CLAR expands US logistics portfolio with first sale and leaseback acquisition for $150.3 million
The first-year net property income (NPI) revenue of the proposed acquisition is around 7.6% pre-transaction costs and 7.4% post-transaction prices. The pro forma influence on the distribution per unit (DPU) for the financial year concluded Dec 31, 2023 is expected to be an improvement of around 0.019 Singapore cents, or a DPU increase of 0.1%, presuming the recommended purchase was completed on Jan 1, 2023.
The purchase will raise the value of CLAR’s logistics assets under management (AUM) in the US by 35.3% to some $587.5 million. With this purchase, CLAR’s logistics footprint in the US will definitely expand to 20 properties across 4 cities with a total GFA of about 5.1 million sq ft.
Completed in 2022, the property rises in Whiteland, a submarket in southeast Indianapolis, Indiana. The building is an entirely air-conditioned, single-storey logistics building with a GFA of 979,649 sq ft.
The wholly occupied property, with its weighted average lease to expiry (WALE) of roughly 11 years, will certainly raise CLAR’s US portfolio WALE from 4.2 years to 4.7 years on a pro forma basis.
Apart from this latest real estate in Indianapolis, CLAR’s logistics properties in the US are located in Kansas City, Chicago and Charleston.
William Tay, executive director and chief executive officer of the manager, says: “DHL Indianapolis Logistics Center is a strategic fit with our existing portfolio … This is CLAR’s primary sale and leaseback procurement in the America and including this Class A logistics estate, modern logistics properties will certainly make up 42.3% of our US logistics possessions under administration. With the lengthy lease in position, this property will further enhance CLAR’s resistant earnings stream, and we expect the two brand-new properties to contribute positively to our extended returns.”

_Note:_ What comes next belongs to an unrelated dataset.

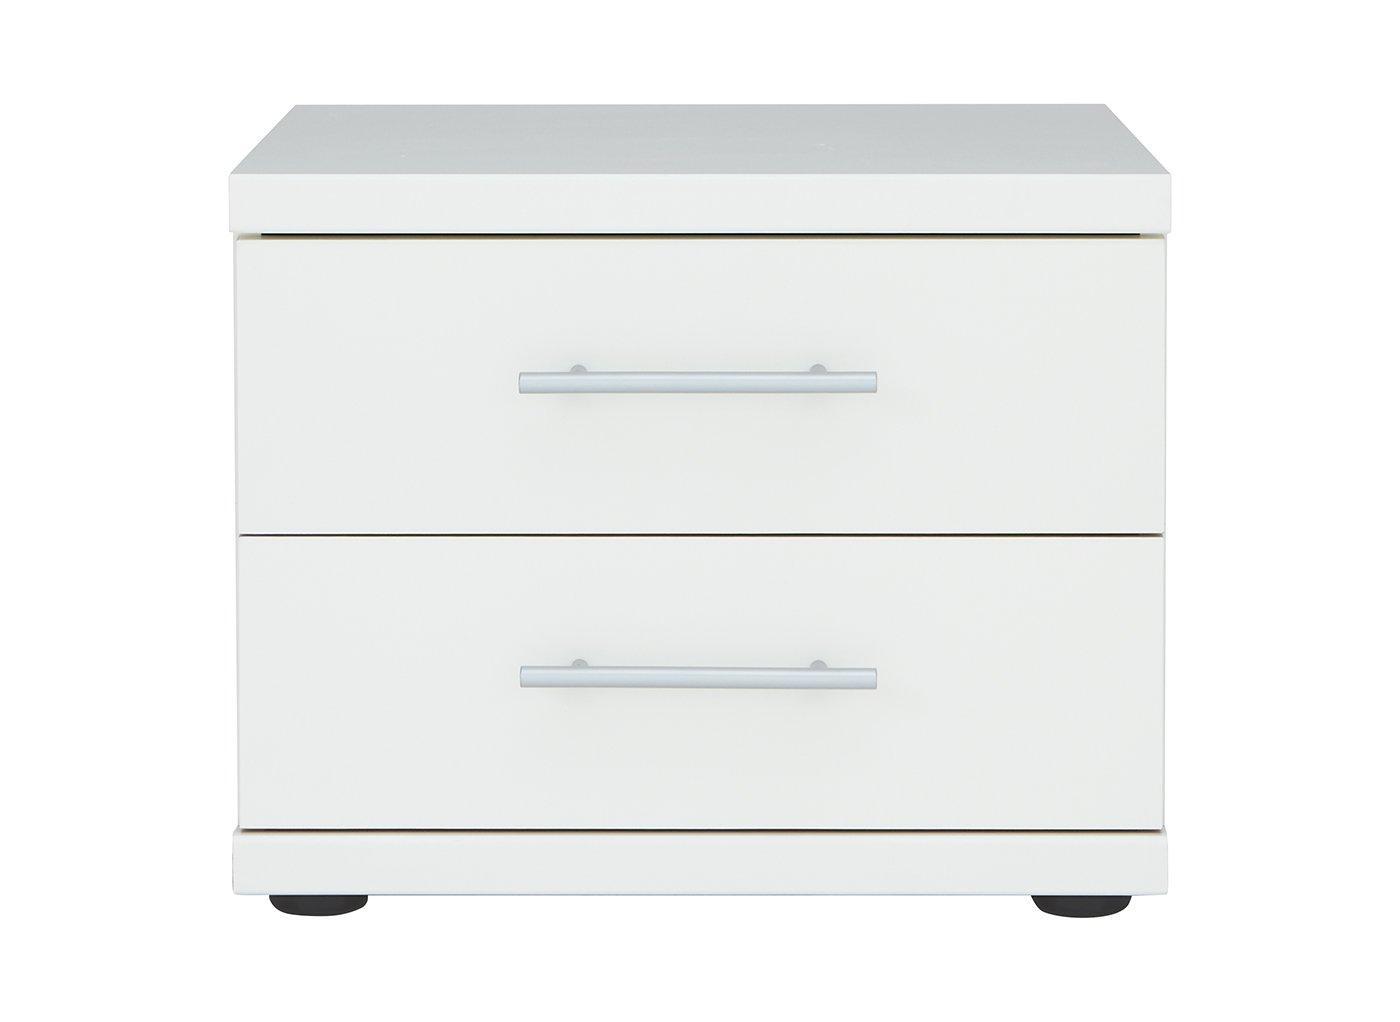 983478517ad Samara 2 Drawer Bedside Chest - White

The manager plans to fund the total acquisition charge through a combination of inside resources, divestment proceeds and/or existing debt facilities, according to a Dec 17 announcement.
After including transaction-related costs and expenditures of $1.7 million, in addition to a $1.5 million acquisition charge settled to the manager, the complete acquisition expense are going to be $153.4 million.
Following the purchase, DHL United States will enter into a continued leaseback till December 2035 of the building’s overall gross floor area (GFA) with possibilities to renew for 2 extra five-year terms.
The lengthy lease term of around 11 years with integrated rental fee rise of 3.5% per annum will offer revenue security and enhance the durability of CLAR’s collection, states the manager.
CapitaLand Ascendas REIT (CLAR) has submitted to get DHL Indianapolis Logistics Hub, a Class A logistics building, from Exel Inc. d/b/a DHL Supply Chain (DHL United States) for $150.3 million. This is a 4.1% discount rate to the independent market assessment of the real estate as at Jan 1, 2025.